Las andanzas de los Rockefeller en Paraguay tienen historias que se remontan a la década de 1930, cuando la empresa petrolera incitó al presidente boliviano Daniel Salamanca para que se lanzara a una aventura bélica contra el Paraguay por el petróleo del Chaco Boreal. Paraguay y Bolivia, países miserables y expoliados, sangraron por las venas de sus soldados que imprevistamente fueron lanzados a pelear por tierra sin tener tierra. La guerra de soldados descalzos, que el escritor boliviano Augusto Céspedes tildó de simiesco ensayo imperialista, la ganó el Paraguay en los campos de batalla pero la perdería en las negociaciones de paz.
La participación de la empresa de Rockefeller fue denunciada en el Congreso norteamericano por el Senador norteamericano Huey Long, quien encendidos discursos en plena guerra, en mayo y junio de 1934, acusó a la Standard Oil de pagar al ejército boliviano para invadir territorio que los mismos Estados Unidos habían fallado en una mediación del presidente Rutherford Hayes como perteneciente al Paraguay. Poco después de realizar sus enérgicas denuncias, Long caía abatido por las balas en un episodio que inspiró a Robert Penn Warren su laureada novela “Todos los hombres del Rey”.
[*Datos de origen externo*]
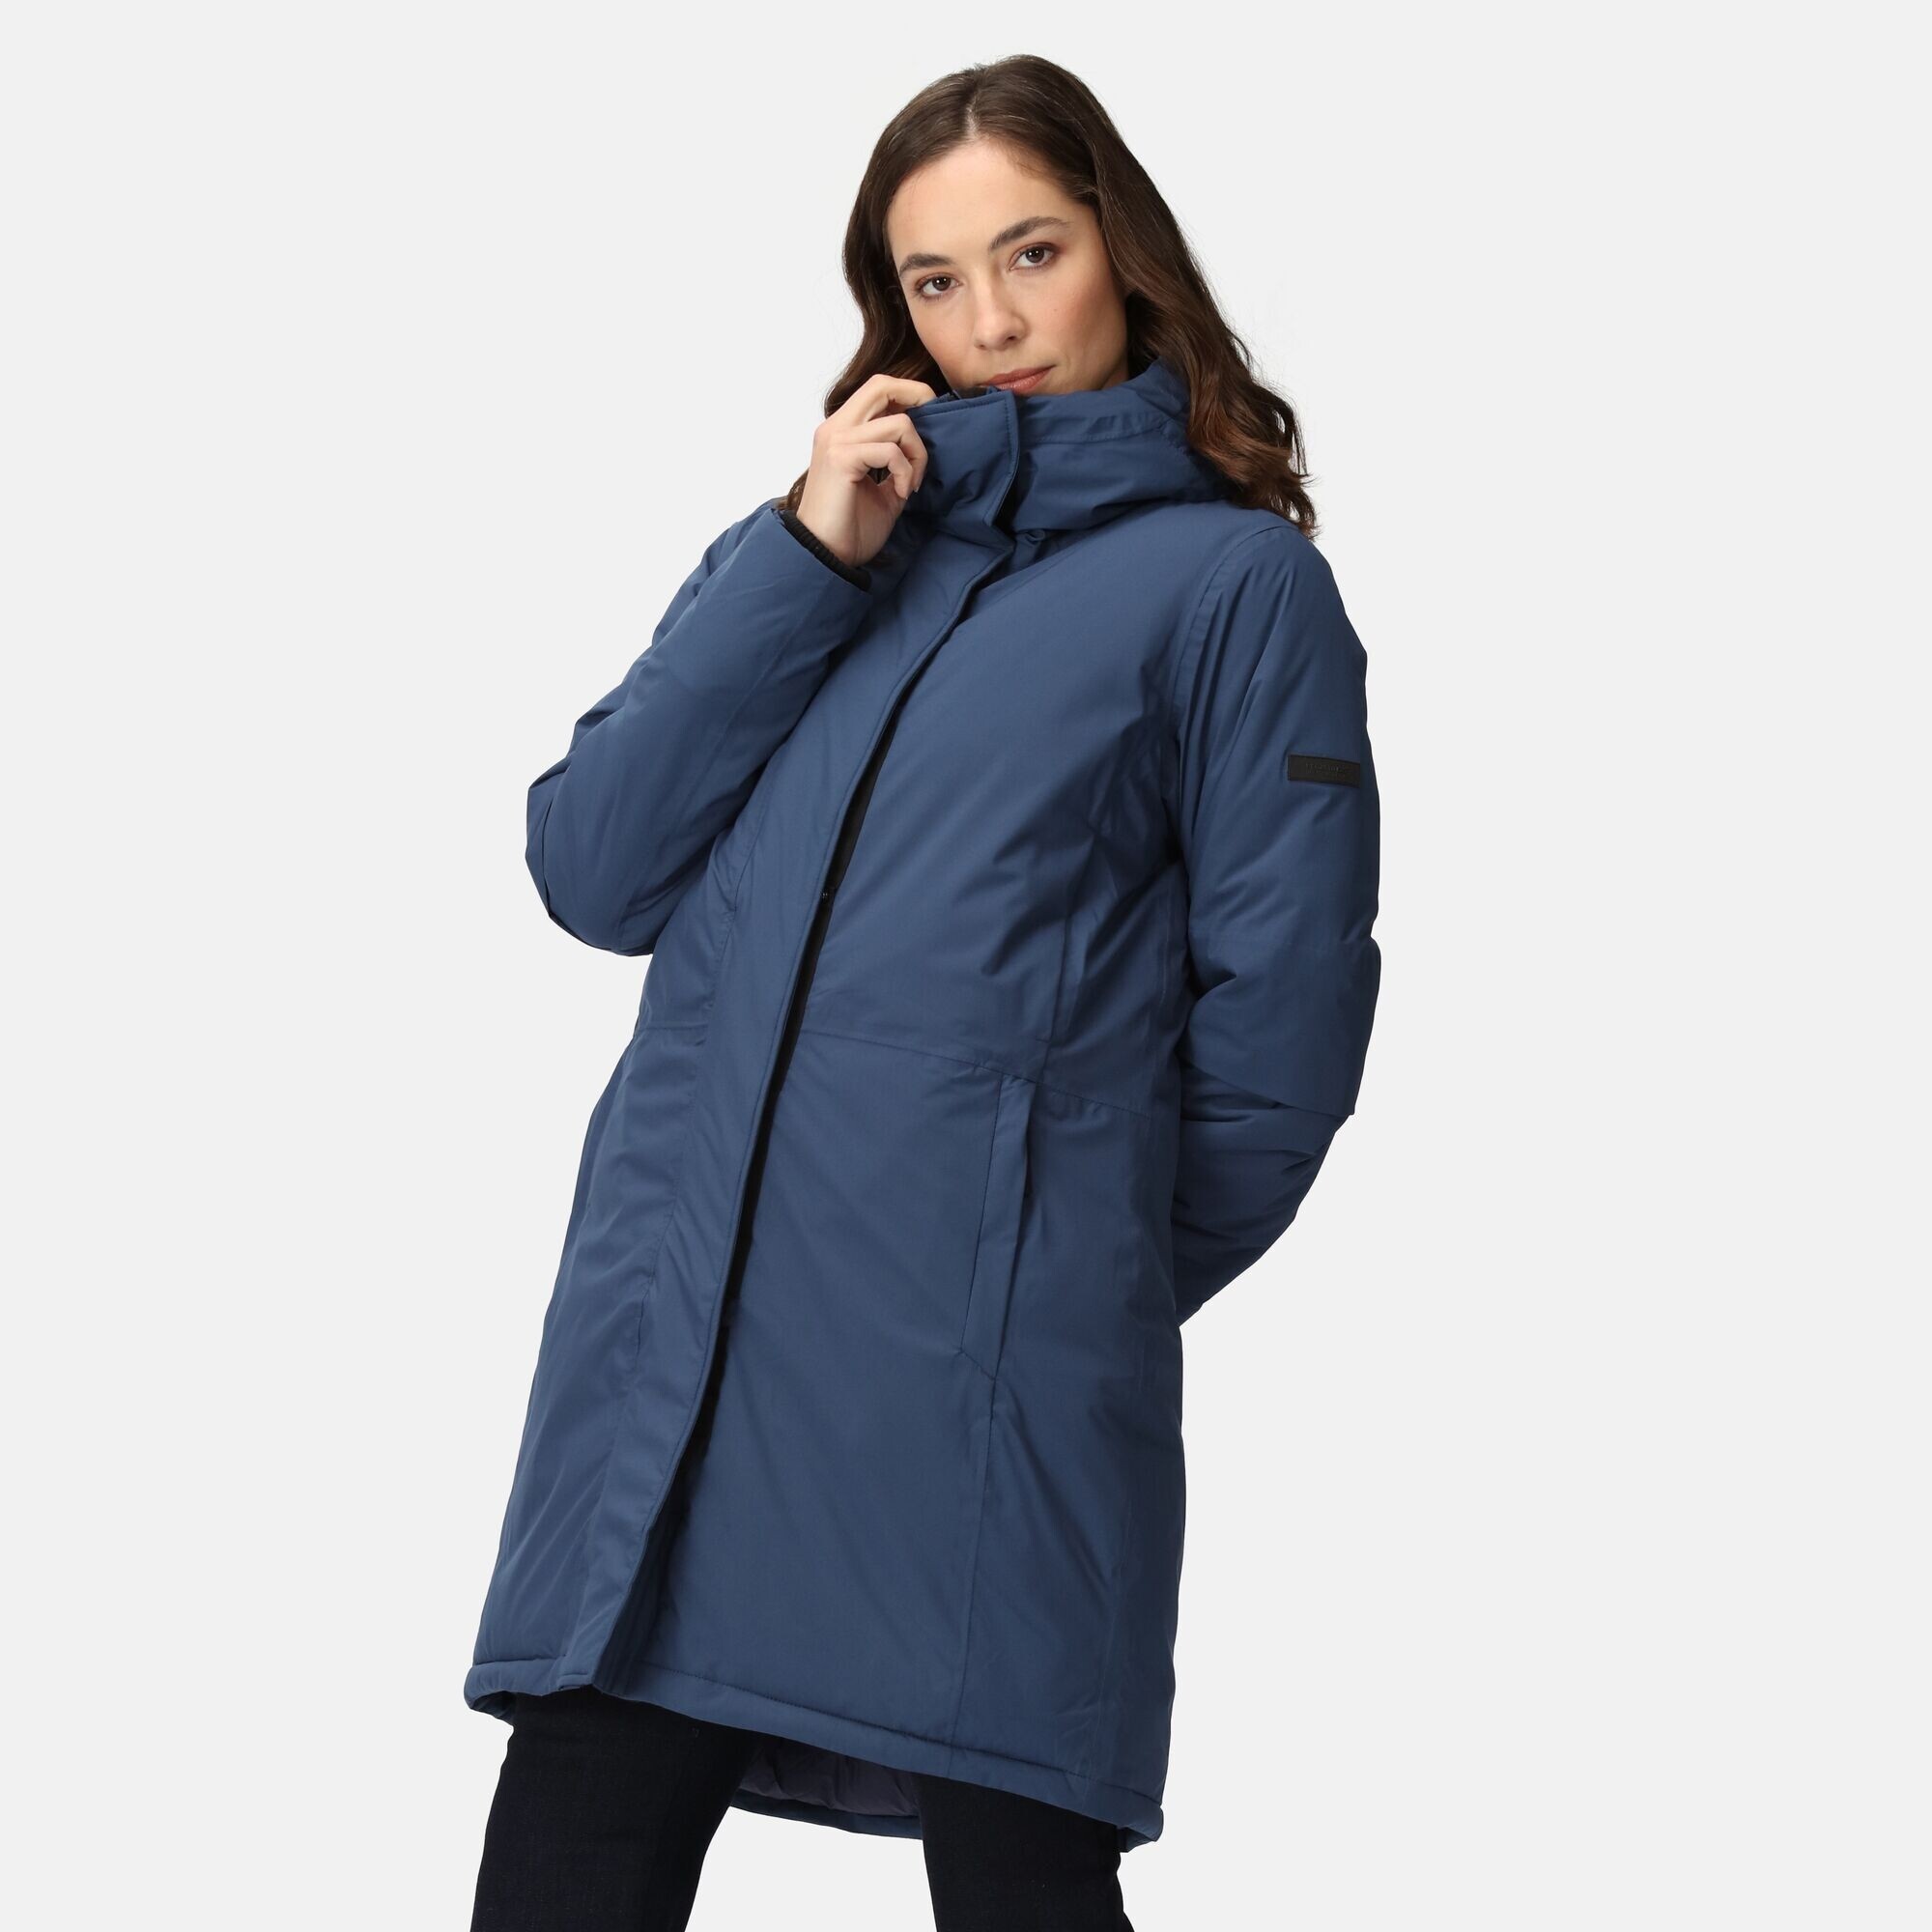 Dámský zimní kabát Yewbank III RWP384-VD4 modrý - Regatta 46

El empresario petrolero Spruille Braden, agente de Rockefeller, presidió las negociaciones que terminaron el 9 de julio de 1938 y conservaron para Bolivia y la Standard Oil Company más de cincuenta mil kilómetros cuadrados de territorio petrolífero que se encontraban en poder de las tropas paraguayas.
Con la adscripción de Paraguay a la órbita de Washington las visitas de Rockefeller a este país sudamericano se hicieron frecuentes, y en una oportunidad durante el año 1969, incluso lo hizo como vice- presidente de Richard Nixon.
Los estudiantes paraguayos manifestaron en aquella oportunidad su indignación ante un representante de la dinastía sindicada como responsable de la guerra del Chaco, que fue a su vez reprimida con gases lacrimógenos proveídos por el Pentágono. Un estudiante que recogió un cartucho en la oportunidad tomó nota de lo que la etiqueta del mismo rezaba: “Contents. One(1) nº206 Federal Spedeheat. Tear Gas (CN) proyectile. Federal Laboratorios. Inc. Saltsburg, Penna, USA. Made in USA”.